- _WHAT YOU NEED TO DO_
Copy all the data exactly, except the pictures.

- _INPUT DATA_

········

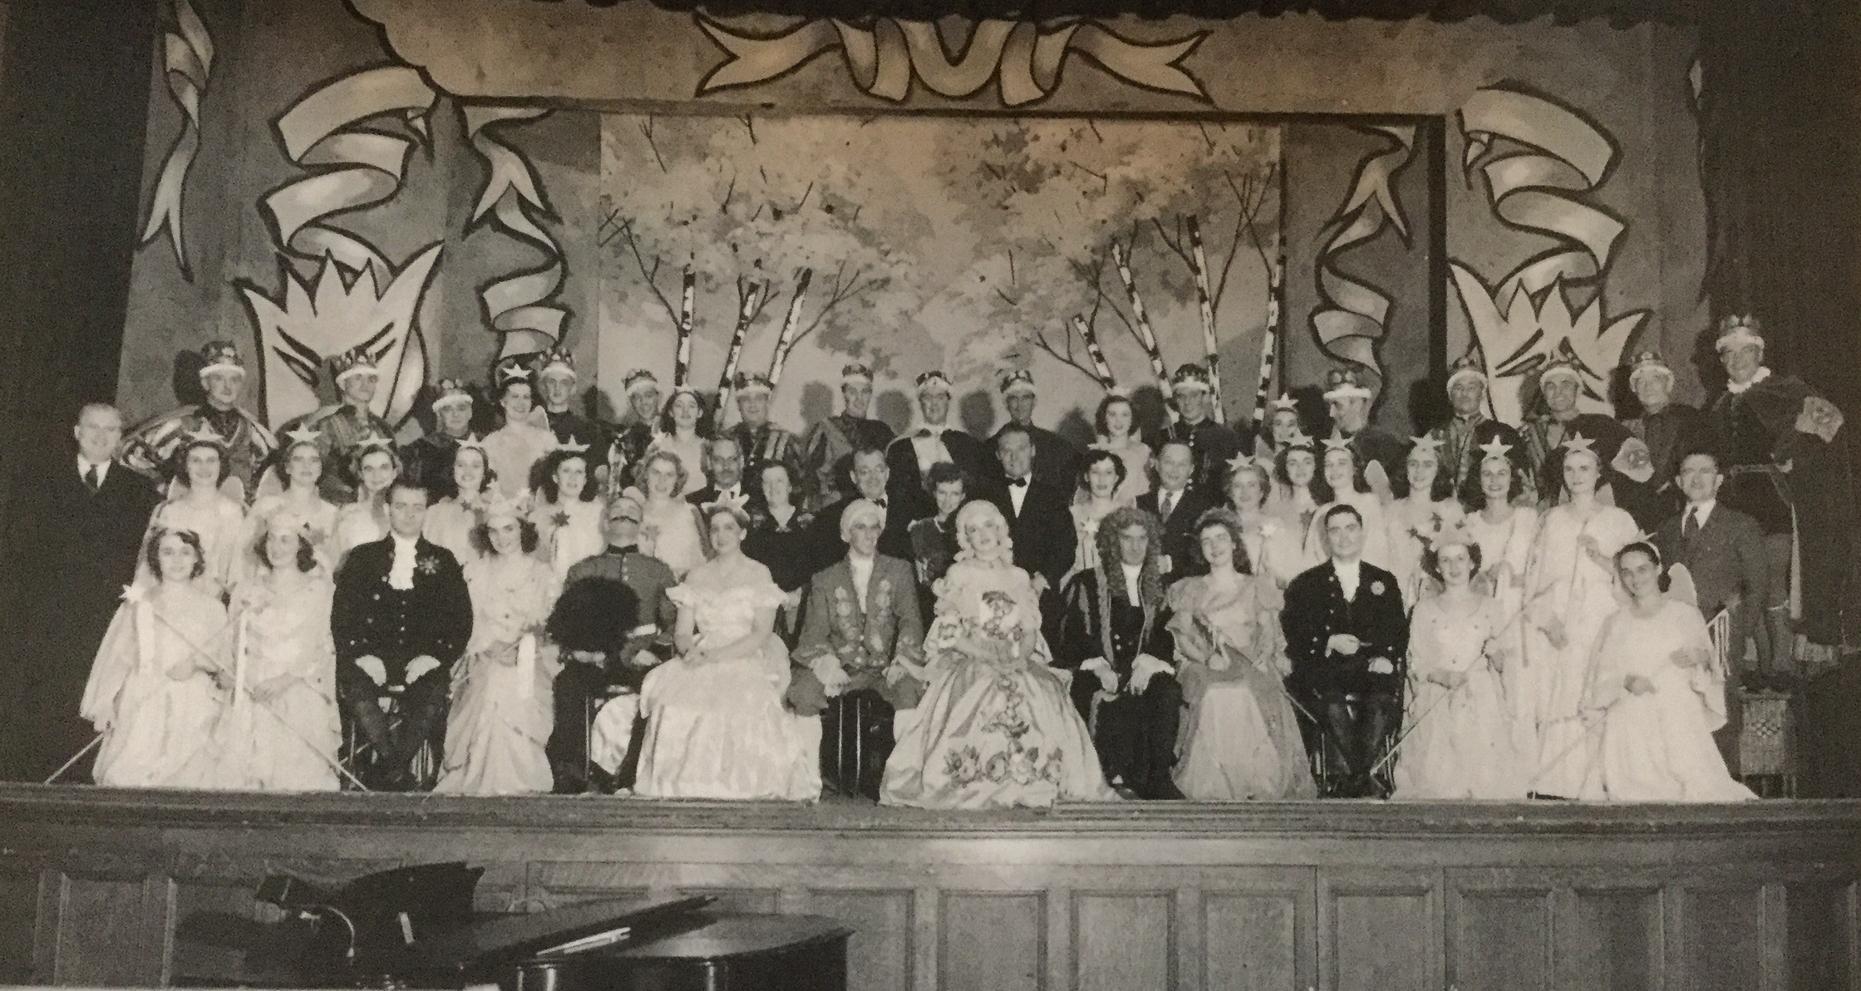 Iolanthe SCSL 1948
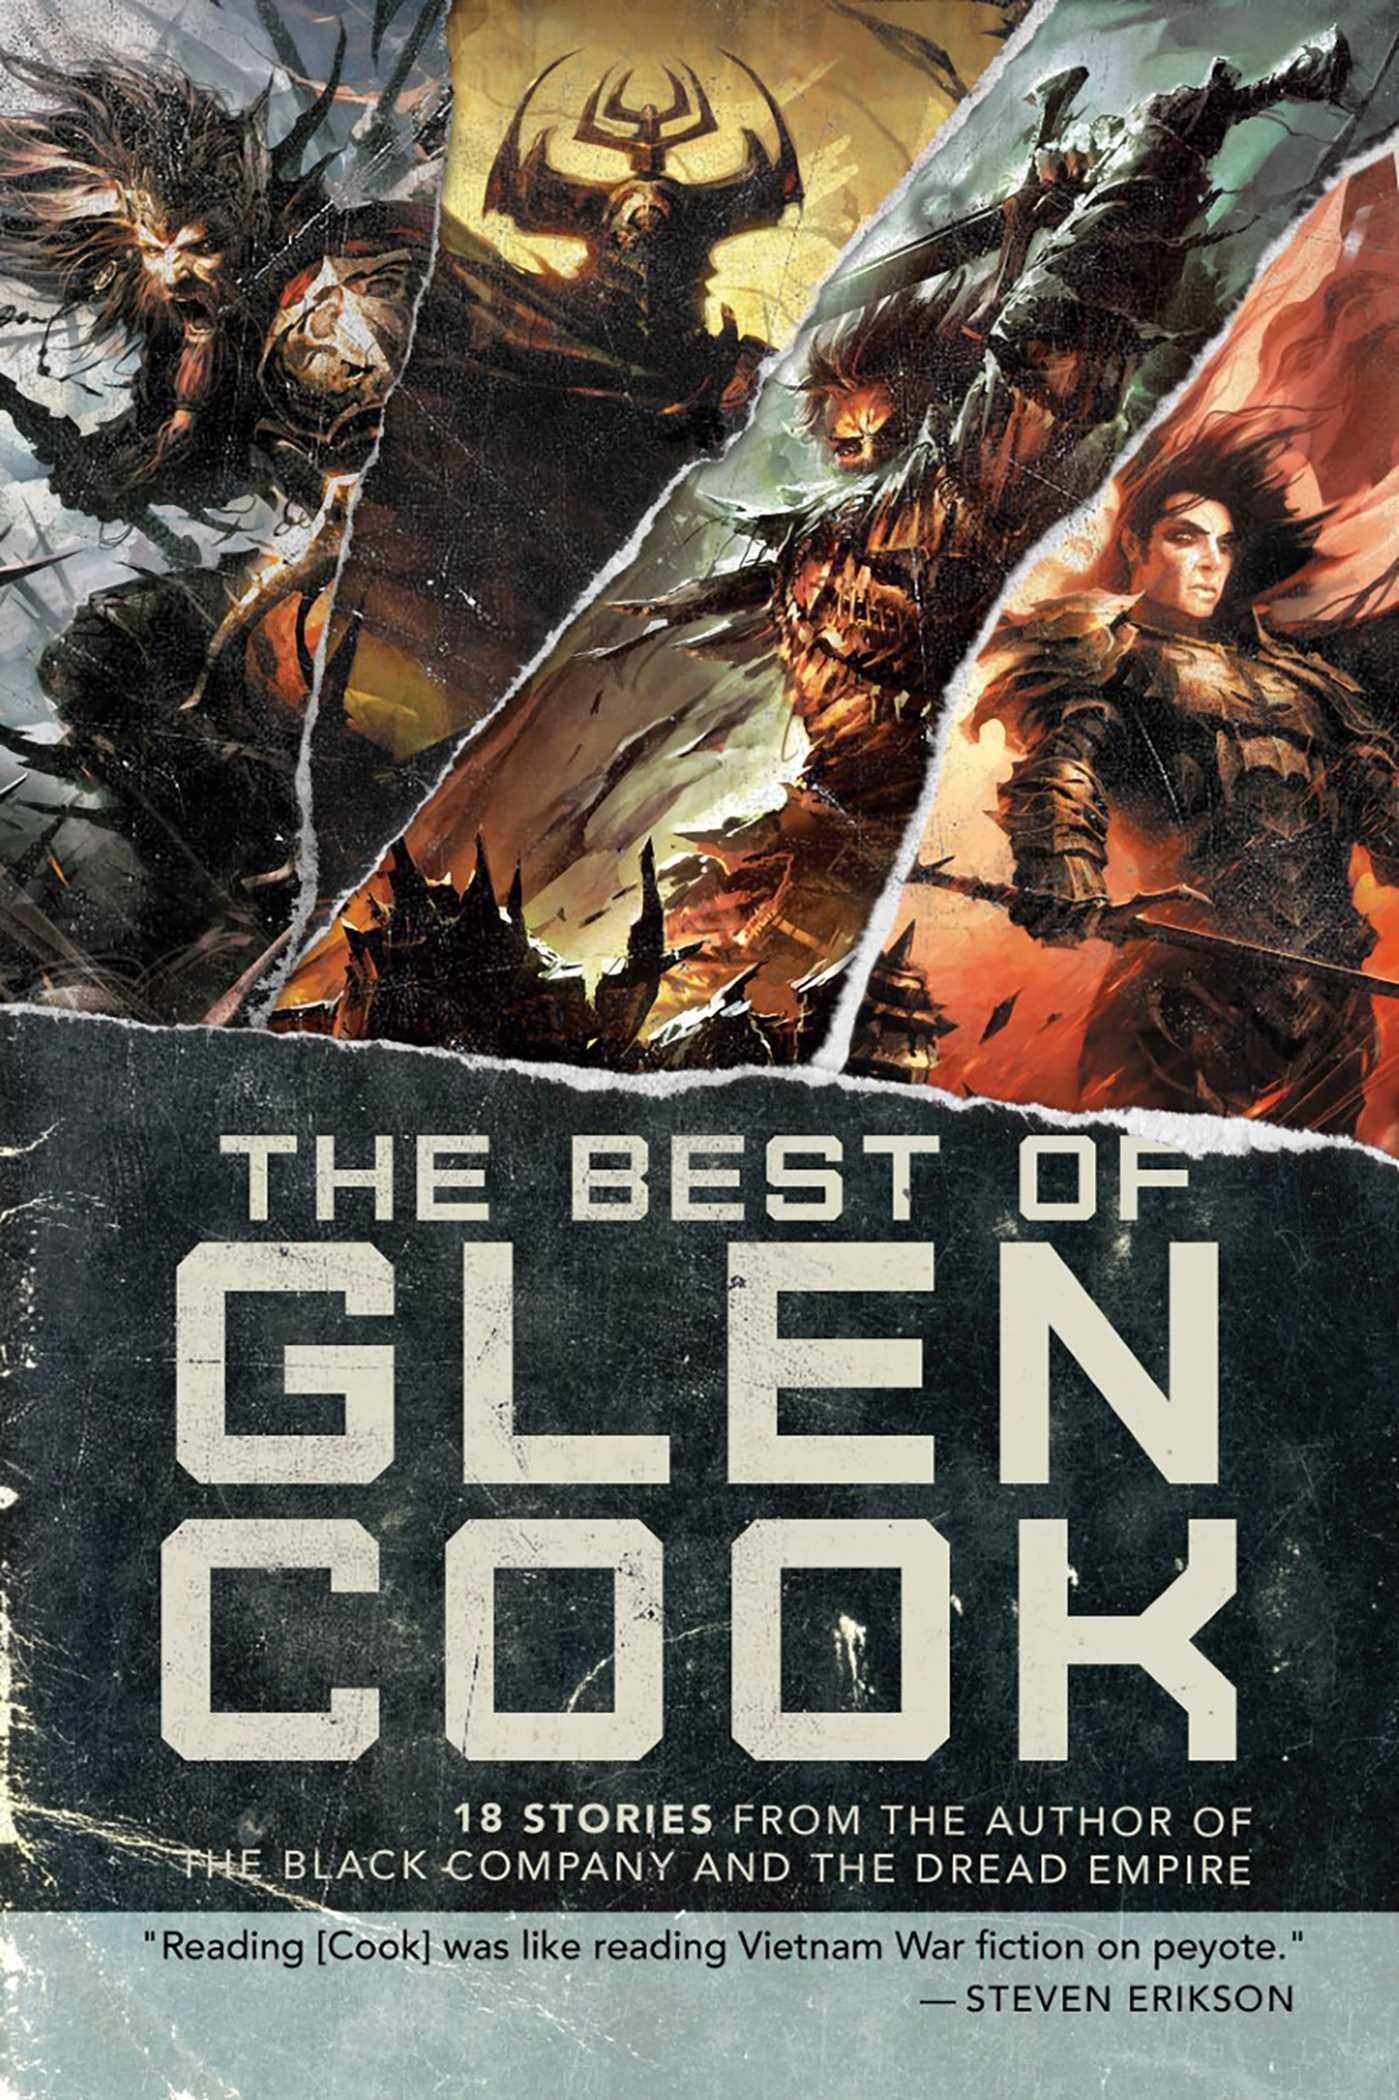 https://d28hgpri8am2if.cloudfront.net/book_images/onix/cvr9781949102178/the-best-of-glen-cook-9781949102178_hr.jpg
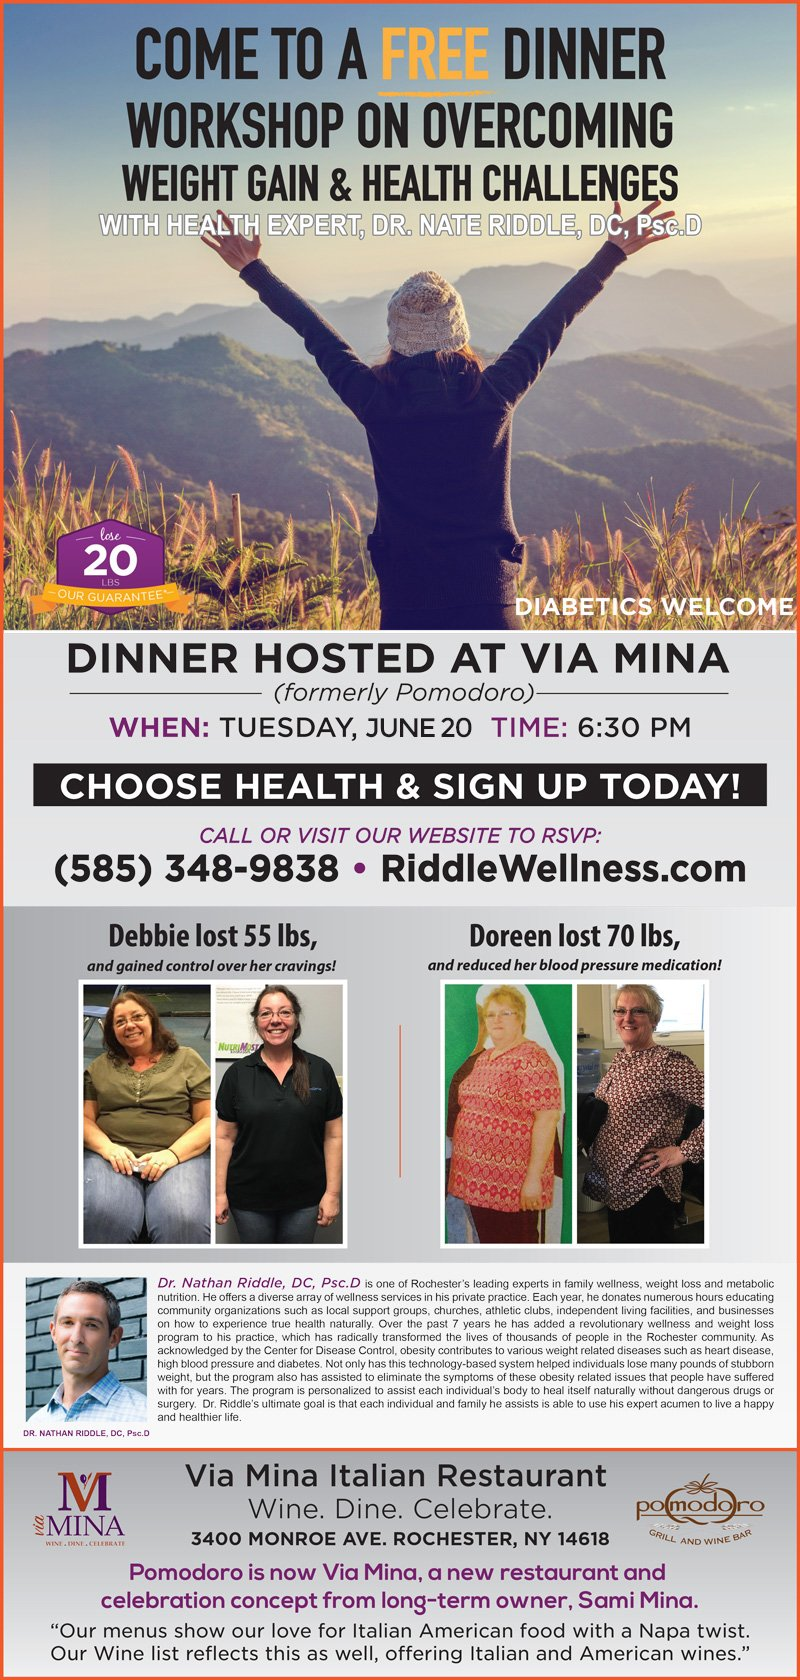 Free Dinner June 20, 2017
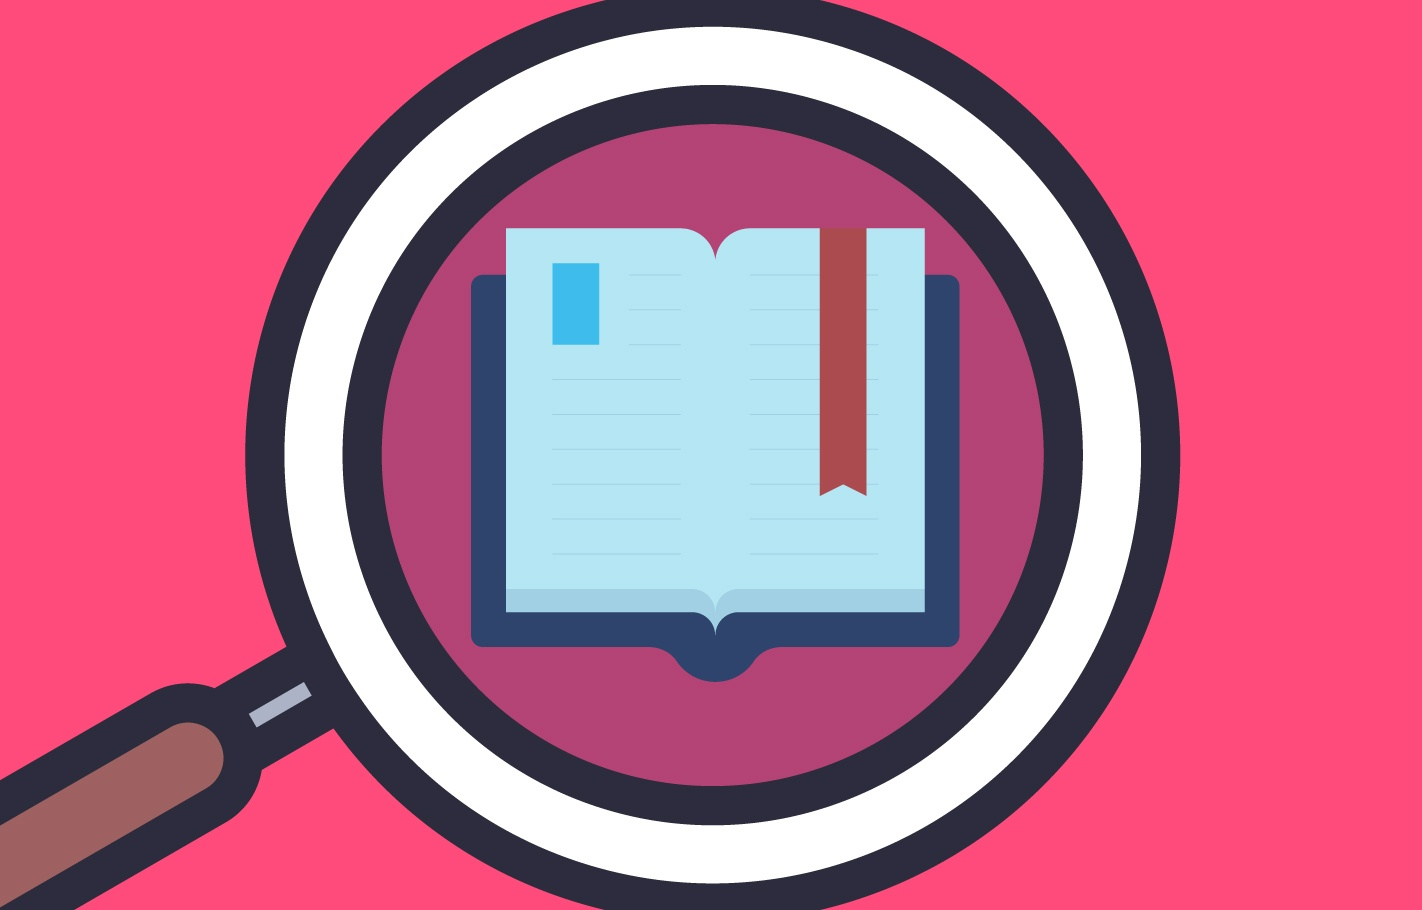 Be-An-Open-Book-Blog.jpg

········

- _OUTPUT OF THE EXERCISE_
 Iolanthe SCSL 1948
 https://d28hgpri8am2if.cloudfront.net/book_images/onix/cvr9781949102178/the-best-of-glen-cook-9781949102178_hr.jpg
 Free Dinner June 20, 2017
 Be-An-Open-Book-Blog.jpg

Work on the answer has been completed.